P.S. Before you send that hate mail, realize I have not eaten any animal, let alone a kitten, in over 20 years. I’m one of those wackos who can’t see the obvious difference between a kitten and a calf or piglet. :p


  1. Meow!

  2. Disturbing analogy! But true. 🙂

    I do this frequently. That’s why they love me.

  3. Yes, indeed. Just do it.

  4. Bernie Siben says

    “Giving them a head start” — I always wondered where that phrase came from. Thanks so much for filling that knowledge gap for me. By the way, does it make me a terrible person that I laughed out loud while reading this? Twice?

    • Matt Handal says

      No, I don’t think it makes you a terrible person. If it made you hungry…that would be an indication you might be a terrible person.

      Either way, at HEE we help…we do not judge! 🙂

  5. Jane Gertler says

    Caught and held my attention, Matt, well done!

  6. Matt,

    Although your analogy was a little alarming at first, there is soo much truth to this article. I’ve had the same experience – it’s the only way to get things done!

  7. Then I’m a bad person. It made me hungry, for more work at least. Nice job Matt.

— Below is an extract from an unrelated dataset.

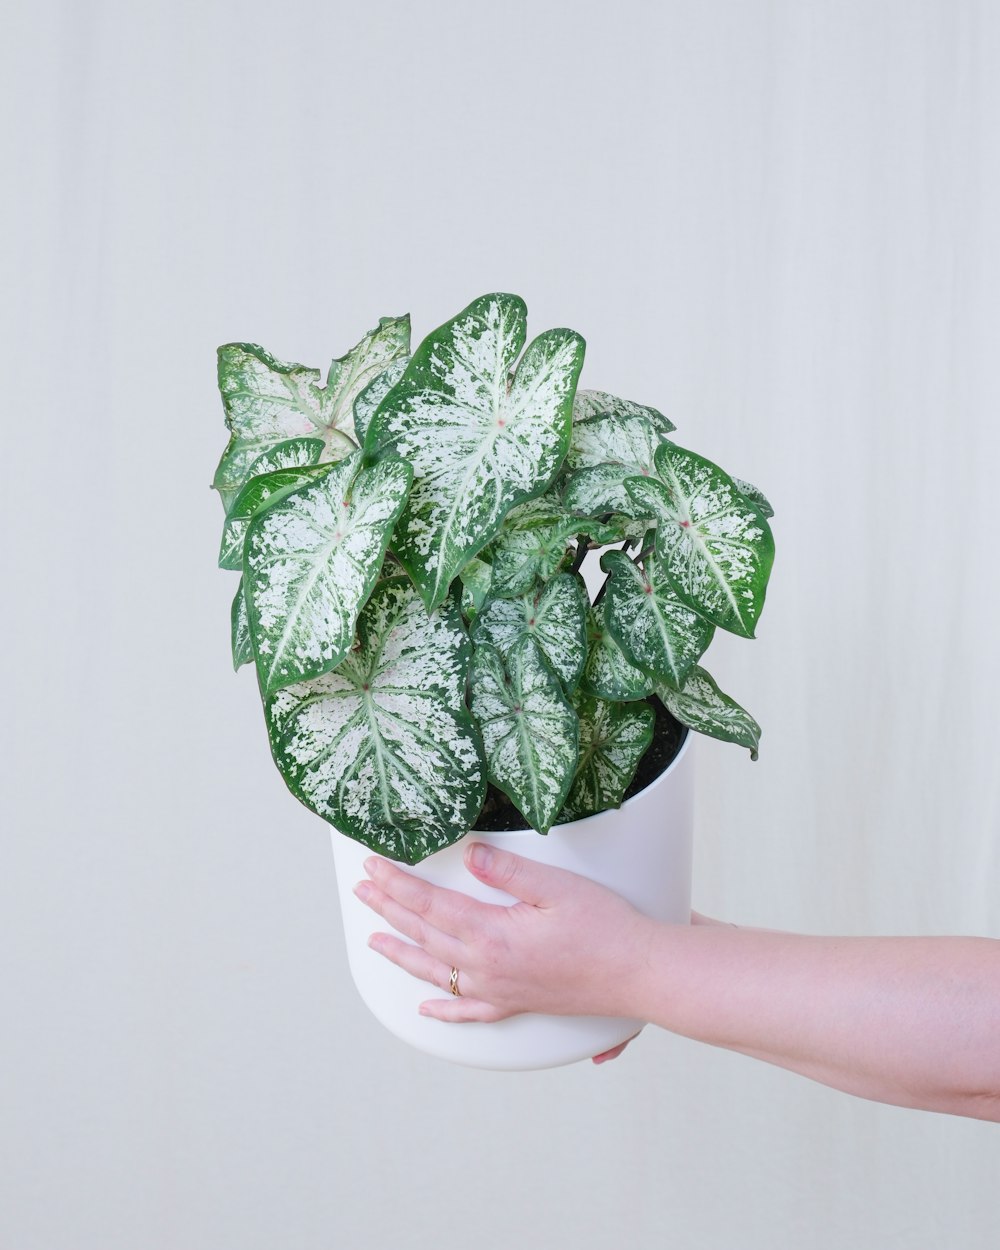 a person holding a potted plant with white leaves

  8. Dana Galvin Lancour says

    Matt – I just had the opportunity to read this and it is awesome! What a great analogy – slightly disturbing at times – but really drove the point home!

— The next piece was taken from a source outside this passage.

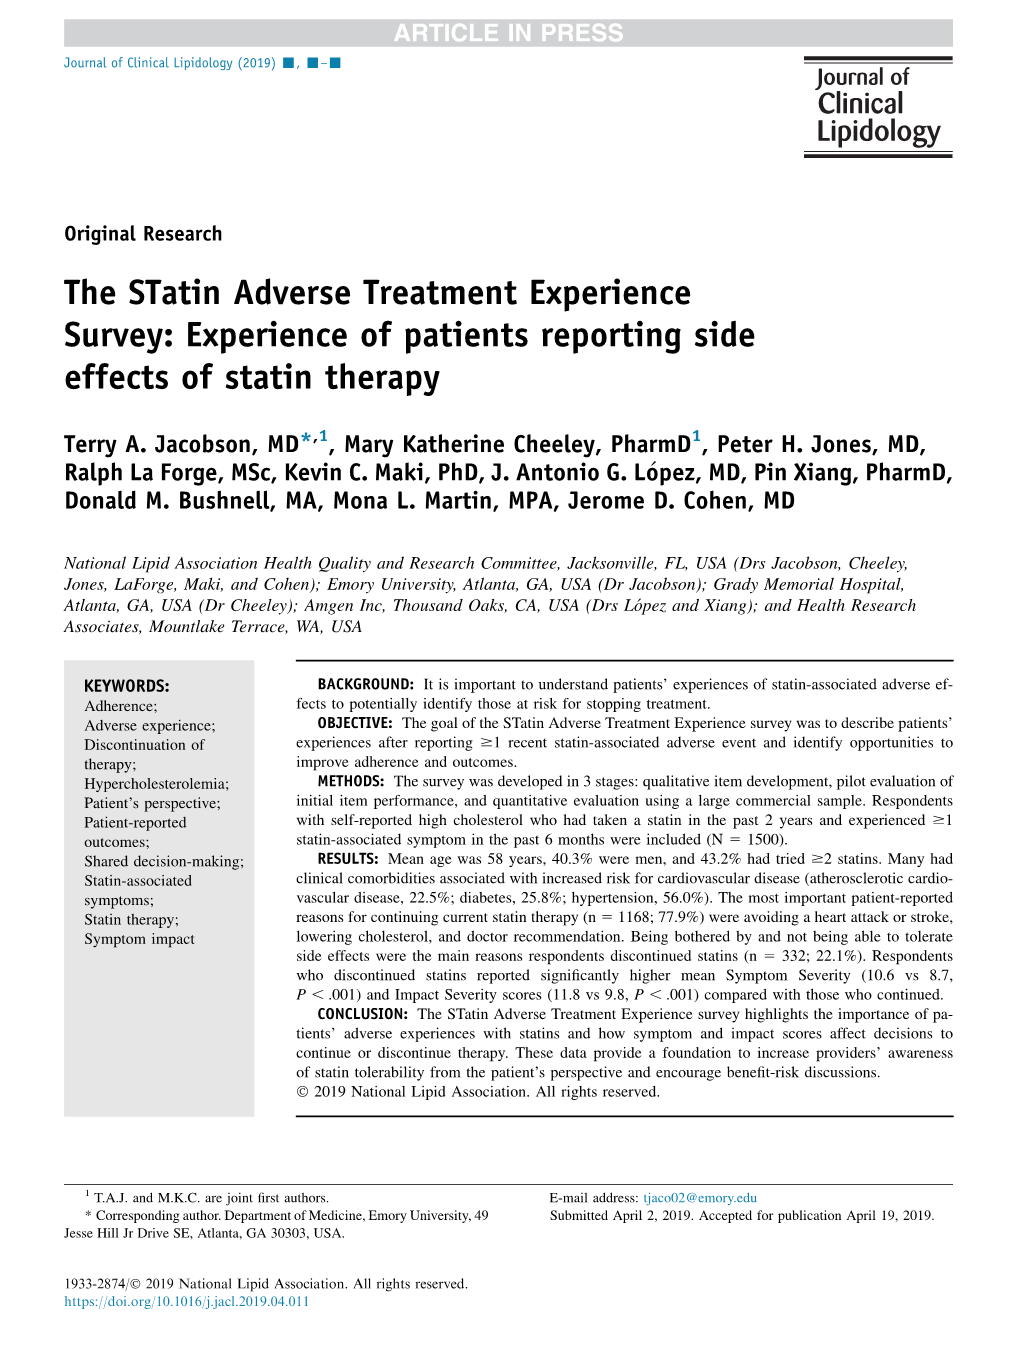 Experience of Patients Reporting Side Effects of Statin Therapy

    Thanks for all that you do and take the time to write about!


  9. Matt – GREAT JOB! I started that same process about 6 years ago and it definitely works – they bristle at the thought of a blank page, so if I give them MY take on it (which is almost guaranteed to be wrong), they can hack away, feel good about themselves, and expound on their expertise. Works like a charm – great article and LOVE the ‘head’ start on the kittens – perfect! (What is NOT perfect however, if your consistent spelling of ‘thier’ which basically does not exist in the dictionary ;->). Keep up the great work!

    • Matt Handal says

      Urrg! I really thought my use of PhraseExpress and TextExpander snippets had eliminated that ugly “thier” habit. I didn’t think to put a keyboard shortcut in my iPhone settings to combat this.

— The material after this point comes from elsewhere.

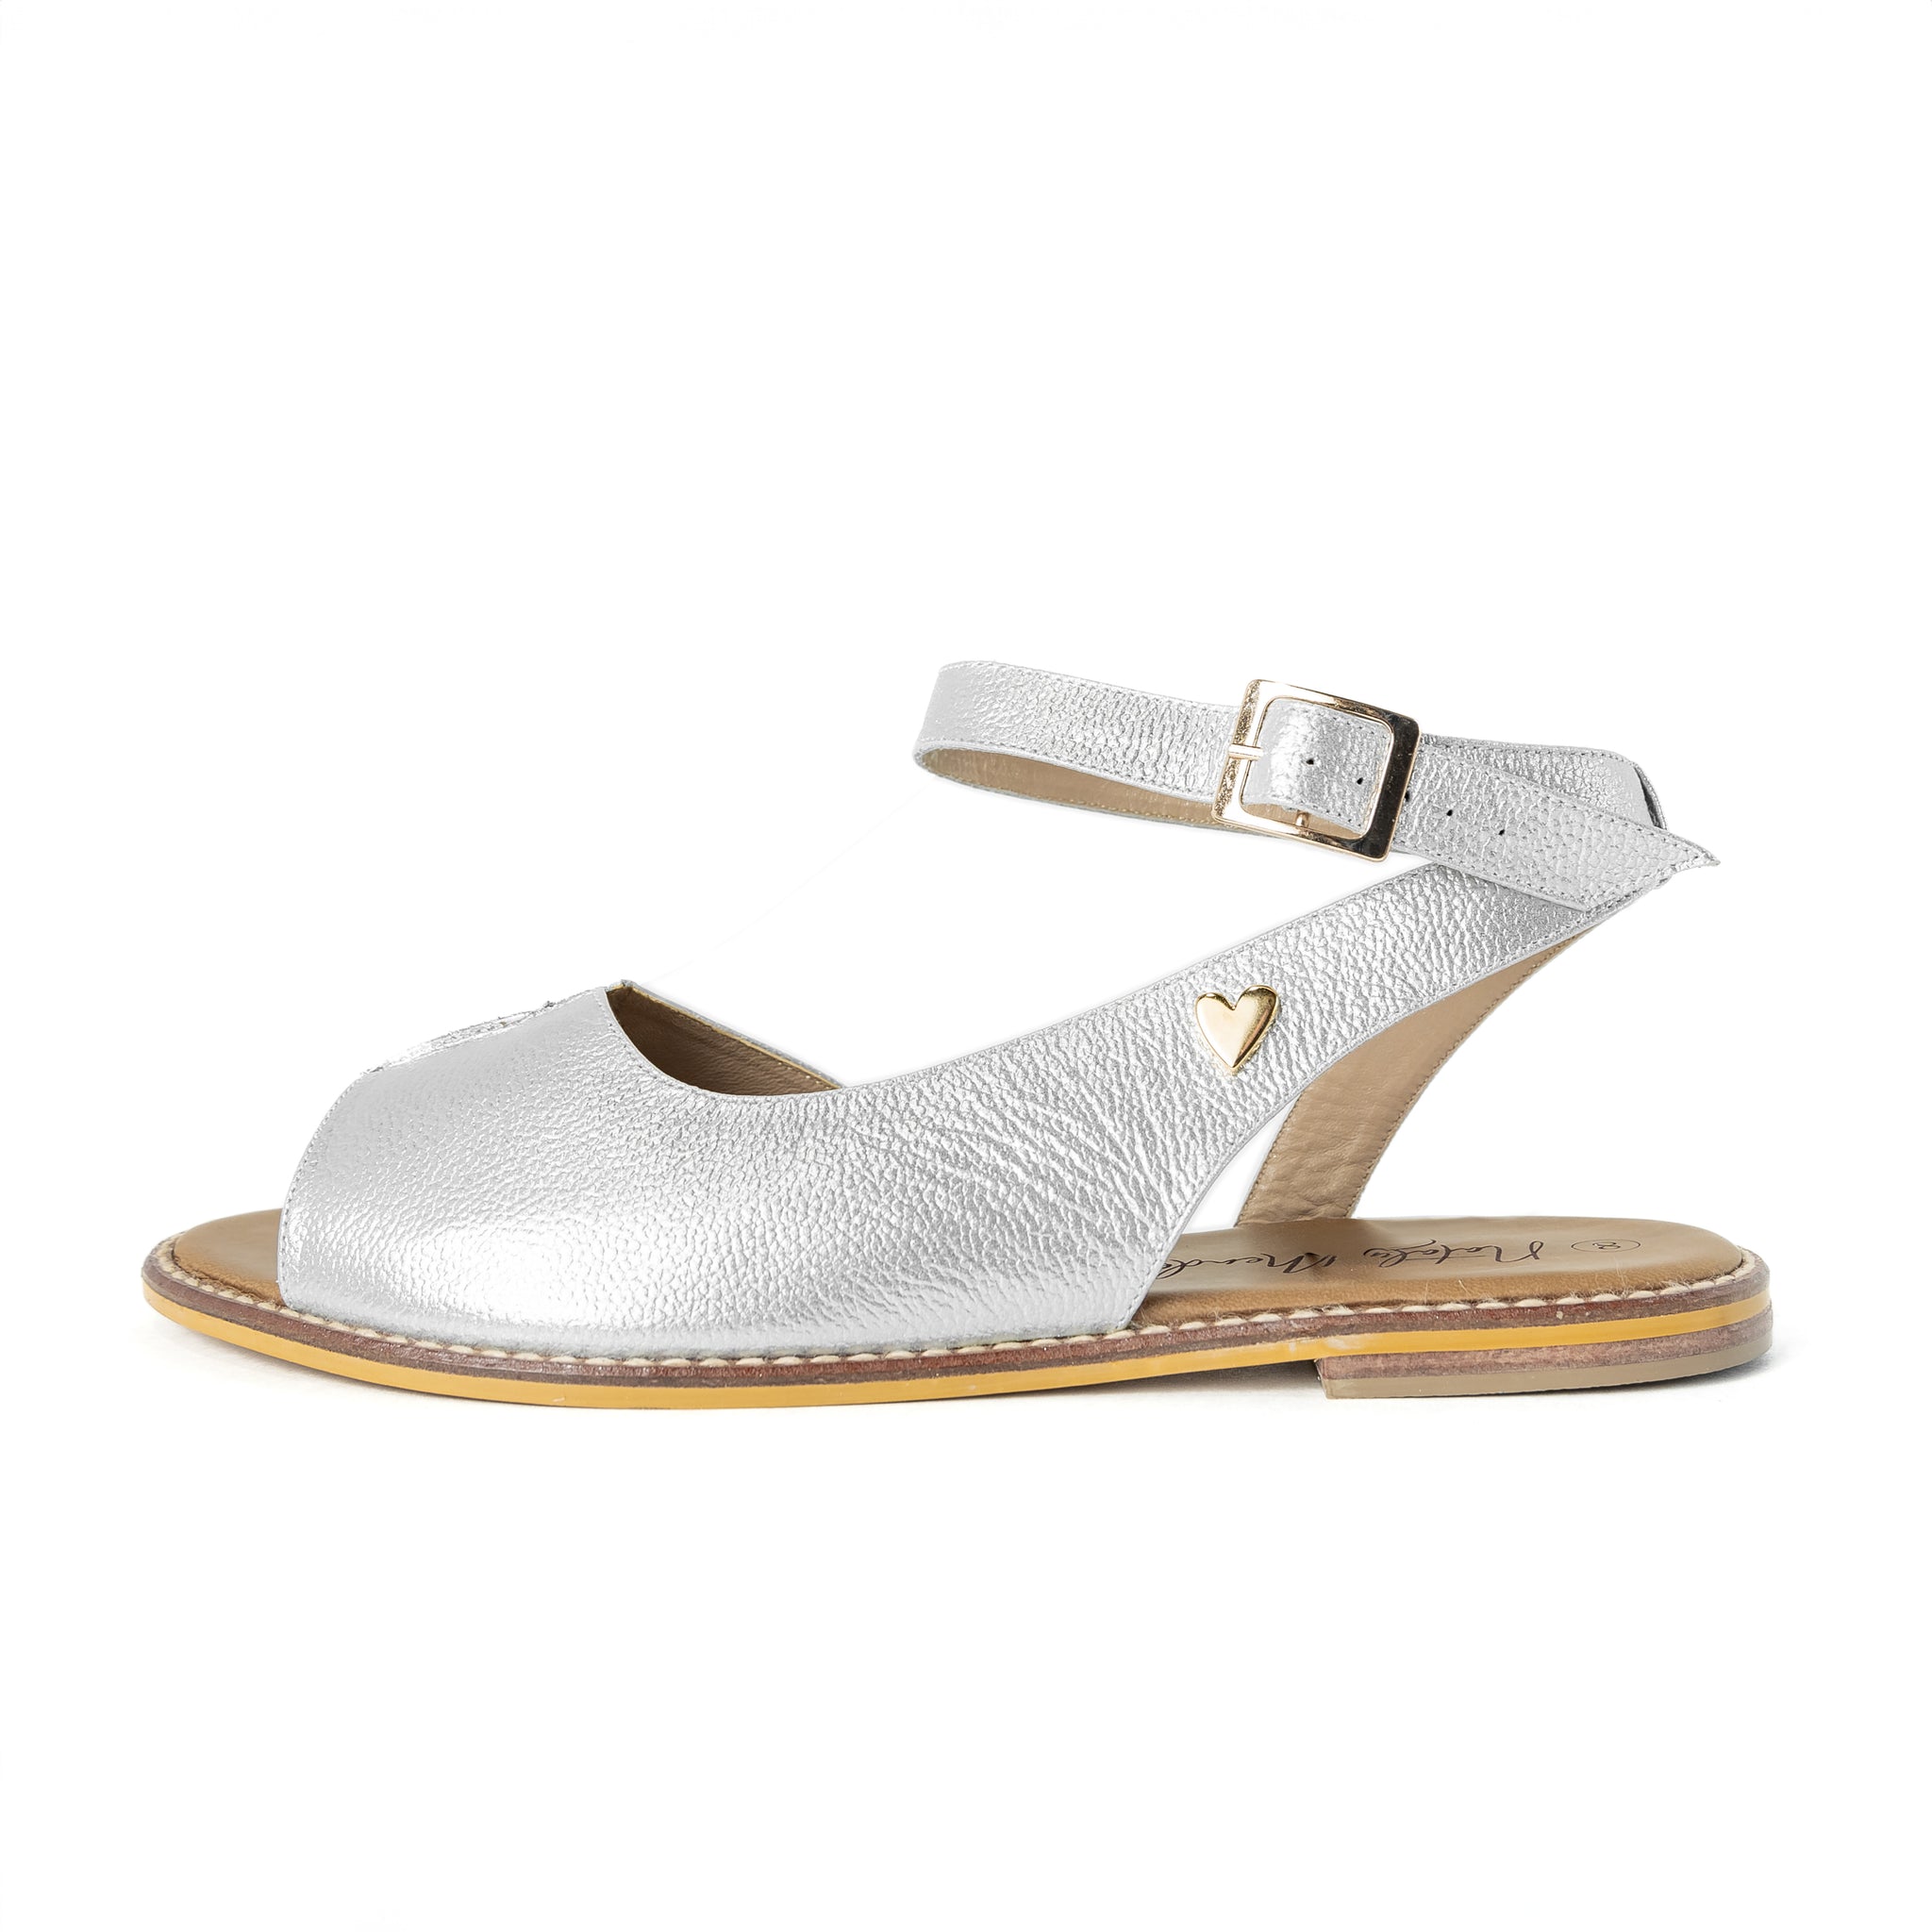 Jess Flat Sandals - Silver by Nataly Mendez, Genuine leather; Insole lining made of leather Italian, Heel height .5 cm Handmade

      Thank you for letting me know!

  10. Karman Cates says

    As someone who also doesn’t eat real faces, I read your post with my hands over my face, peaking through my fingers, but also giggling. I think your vivid imagery will help me remember this universal truth in the beginning of the proposal process instead of waiting for the missed deadline to provide the headless corpse. Cute kitten pictures drive it home!

  11. Cindy Olsen says

    This is by far the best way I have ever been able to get someone to send me information that I desperately need. That, along with the “if I don’t hear from you by 4 p.m., this is the response that will be included in the proposal,” comment really helps them understand that it’s now or never!

  12. Lynda Richards-Stocks says

    Thank you Matt! Hilarious and brilliant. I love kittens – they are soooo….. delicious! Disturbing analagy – yes. Great point – yes. Need a pay raise if I am to now start writing technical approaches – yes! I can’t help thinking that this is a very slippery slope. I do agree with and implement this general approach for many things as I belive a big part of my job is to assist my PMs to be as billable as possible. Giving people something to respond to rather than create is a great way to get what you want more quickly. However, to extend it to writing the technical approach could push me over the edge!

  13. Yeah…TOTALLY disturbing analogy…but effective. I have done this my entire career (drafted technical approaches, NOT eat kittens) and every single time…it has helped! I start out by telling them that I understand they’ve got other stuff to do (billable work, putting out client fires, etc.)…”so let me take a stab at the approach and then you can edit from there.” They’re ALWAYS willing to do that…and I get what I need on time. It’s a win-win!

  14. Good advice. I do often “take a stab” at the technical portions. I still seem to be left feeling underwhelmed with the level of support in crafting an overall winning approach. From my perspective, I see a lot of effort in loading up the calendar with opportunities/RFPs but then no one really leaning in to help win. I’m trying to overcome that.